The murder in “Sharp Objects” serves as a tool for a broader canvas. Hunting the killer takes a back seat to the twisted personal stories of the town. The story is really about the people and what makes them tick. Within Camille’s lavish childhood home, which looks like a place taken from a Faulkner novel or Tennessee Williams play, Adora lords over her weakling husband, Alan (Henry Czerny), who blocks out the world by listening to music on his high-tech record player. They are almost oblivious to Amma taking drugs upstairs with her friends, daring Camille to join in or keep quiet. The town sheriff, Vickery (Matt Craven), is an old cynic who of course suspects the murders could have been committed by a Mexican migrant. Is he sleeping with Adora? The script deliciously keeps it subtle and for us to ponder. The teenagers are brilliantly written with a naked honesty about how bored, entitled kids behave in a bare environment. Madison Davenport is particularly good as Meredith, the cheerleader girlfriend of John (Taylor John Smith), the brother of one of the missing girls, who only cares about how popularity gives you real worth in this town. Eliza Scanlen is like the little sister from hell, boozing, flirting and teasing the local men without the slightest idea of how dangerous it can be. There is also dark humor in how the local women gather for “pity parties” where they watch romantic comedies and then weep over their marital woes.
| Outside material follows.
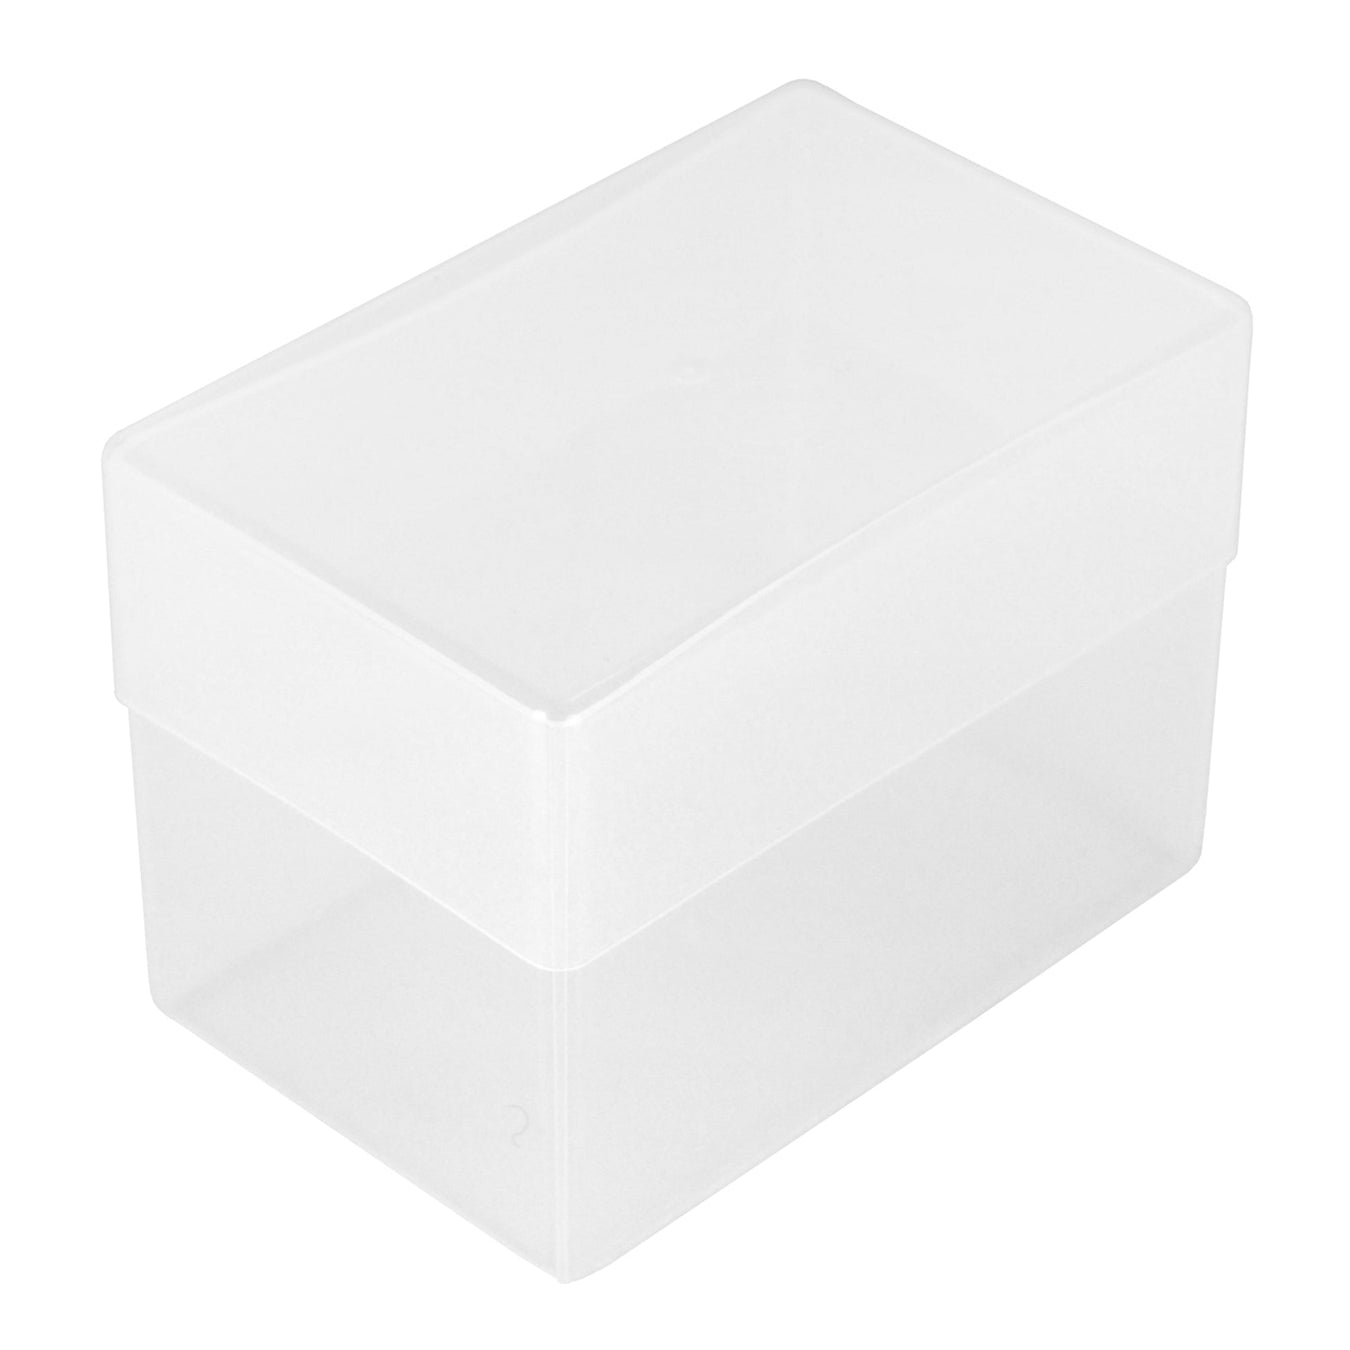 70mm deep clear plastic business card box with lid

But the most impressive performance is Amy Adams as Camille. “Sharp Objects” is one of the most striking recent TV portraits of a haunted character. Camille is so human in her flaws. Her scars, her drinking and the way she eventually gets close to Richard, are never part of some cheap, melodramatic narrative. Her hidden past has nothing to do with some over the top trauma. She just never got over what happened to her as a kid in an environment where her mother was a loveless virago, and she found feeling and contact by giving herself to many of the local boys. There is real pain in Adams’s eyes when she recounts an event, or almost tauntingly tells Richard about her exploits. In one scene a former football player, now grown, actually apologizes to Camille with genuine shame for taking advantage of her. Camille can only sneer. When she fights with Adora there is the rubber band tension of feeling entrapped by someone who will simply never listen. There is a sex scene involving Camille allowing someone to touch her scars that is never sensual, but full of honest pain. Her editor, Frank (Miguel Sandoval), is wonderfully written as a boss who actually cares, but is clueless himself in how to deal with someone in Camille’s emotional state. Led Zeppelin becomes her soundtrack in the car, the band’s pounding rhythms and eerie riffs giving some cohesion to her boiling emotions.

Yet this remains a detective story and as the threads tie together it becomes quite riveting. This is not a chase show, and for most of its chapters there is never a single bullet fired. What it does is bring us into this town, place us among these people and reveal how a place can shape a person. When the final revelation is made, it is a tragic, but fitting curtain call. “Sharp Objects” mixes murder and family into a gothic fable about the deep scars our cradles can leave behind.

Sharp Objects” premieres July 8 at 9 p.m. ET on HBO.